An increasingly popular ontological perspective posits that MDD represents a dynamic system reflecting the continuous interplay of moment-to-moment emotions, cognitions, and behaviors (Wichers, 2014). Studies adopting this view have often used experience sampling methodology (ESM), which involves the repeated collection of data over time to assess real-time, ecologically valid momentary experiences (Solhan et al., 2009). Low positive affect (PA) and high negative affect (NA) are theorized to be central features of MDD (Clark and Watson, 1991), and ESM studies have consistently shown that individuals with MDD experience lower mean levels of PA and higher mean levels of NA than healthy controls (Aan het Rot et al., 2012). In addition to examining mean PA and NA, depression studies have increasingly examined dynamics in affective experience. Affect dynamics refer to a set of processes involving the temporal dynamics of emotional states (Trull et al., 2015).
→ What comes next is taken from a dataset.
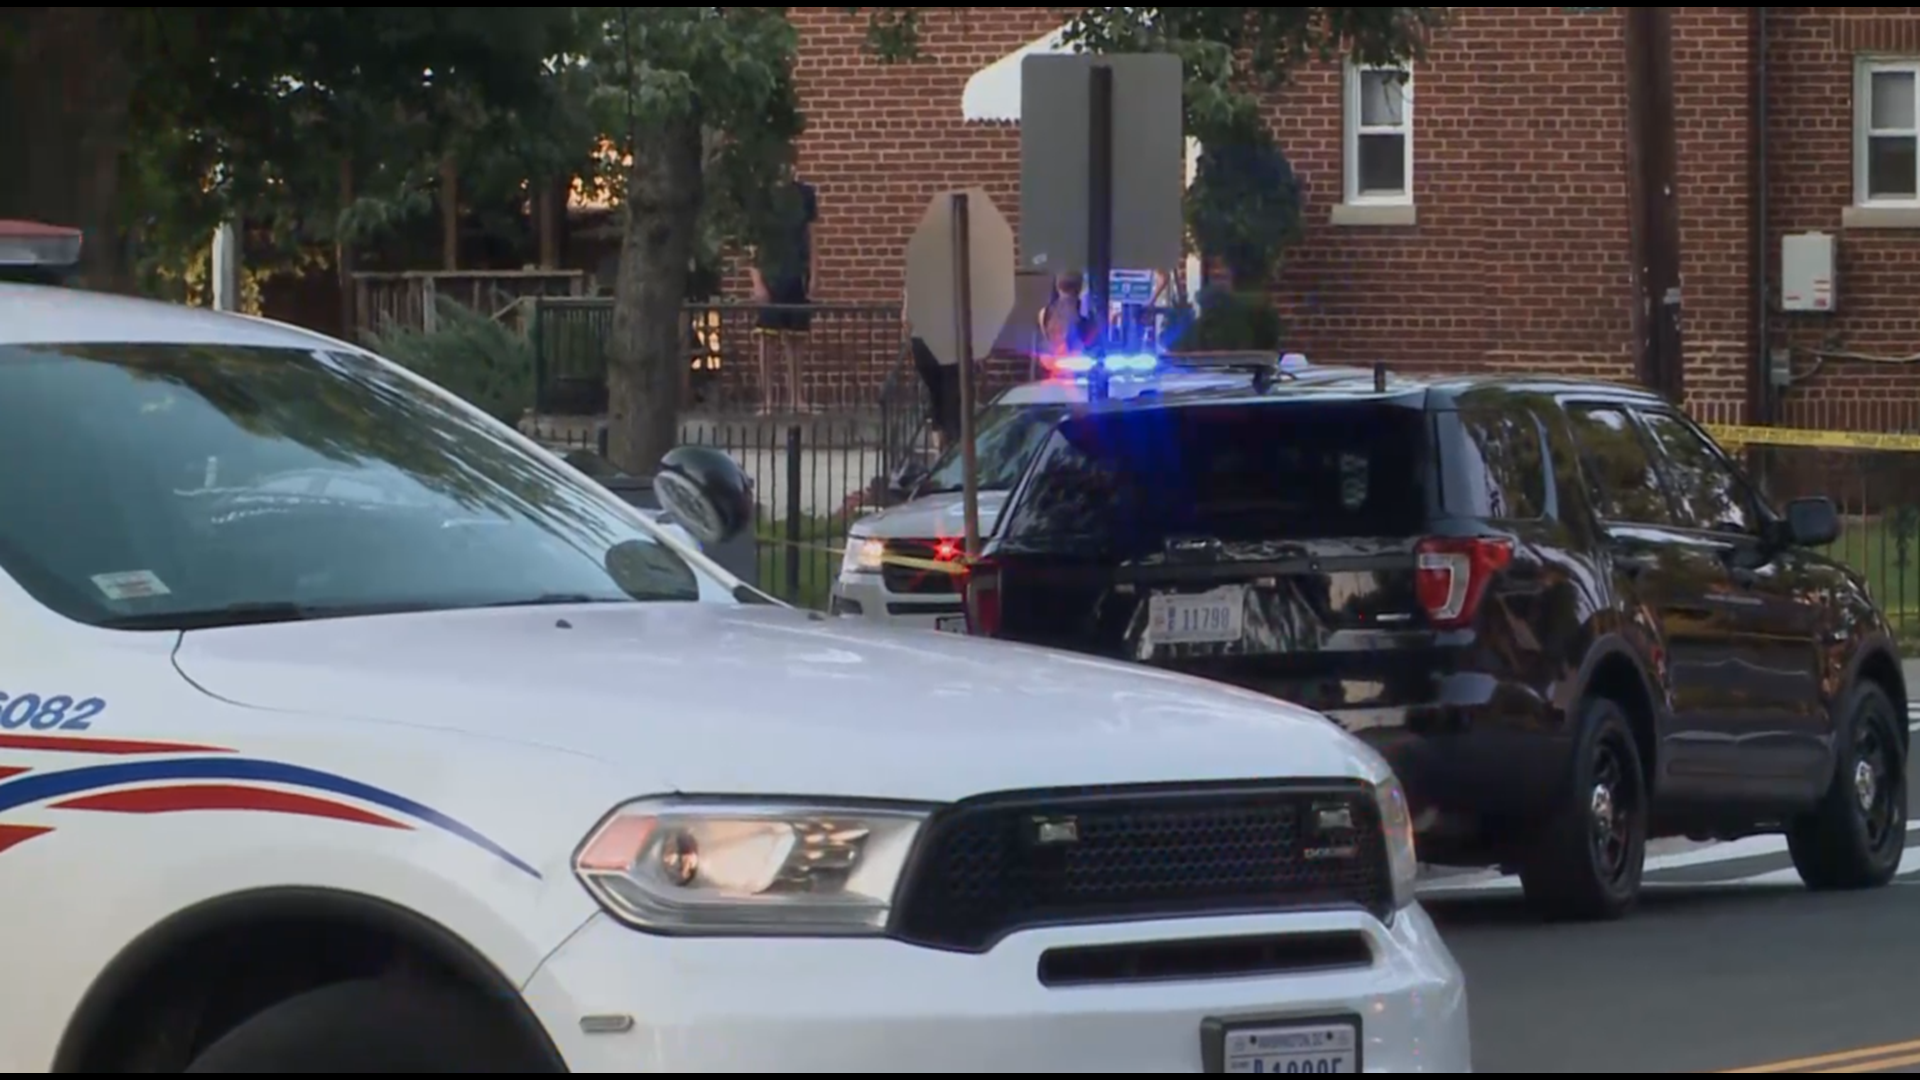 D.C. Police said it is investigating a shooting in Southeast that involves an officer in its department that has left a man with a gunshot injury.

Two indicators of affect dynamics likely to be particularly relevant to MDD are instability, or the magnitude of moment-to-moment fluctuations in affect,1 and inertia, or the extent to which affect is resistant to change or persists over time. A meta-analysis suggested that depressive symptoms are associated with increased instability and inertia of both PA and NA (Houben et al., 2015), and there is preliminary evidence showing that instability and inertia of PA and NA may be disrupted prior to MDD onset (Kuppens et al., 2012) and in remission (Schoevers et al., 2020). Changes in affect dynamics may reflect early warning signs that precede transitions between normal and depressed mood states (van de Leemput et al., 2014; Wichers, 2014), further supporting the potential utility of affect dynamics in predicting treatment response (Husen et al., 2016) and personalizing interventions (Fisher and Boswell, 2016).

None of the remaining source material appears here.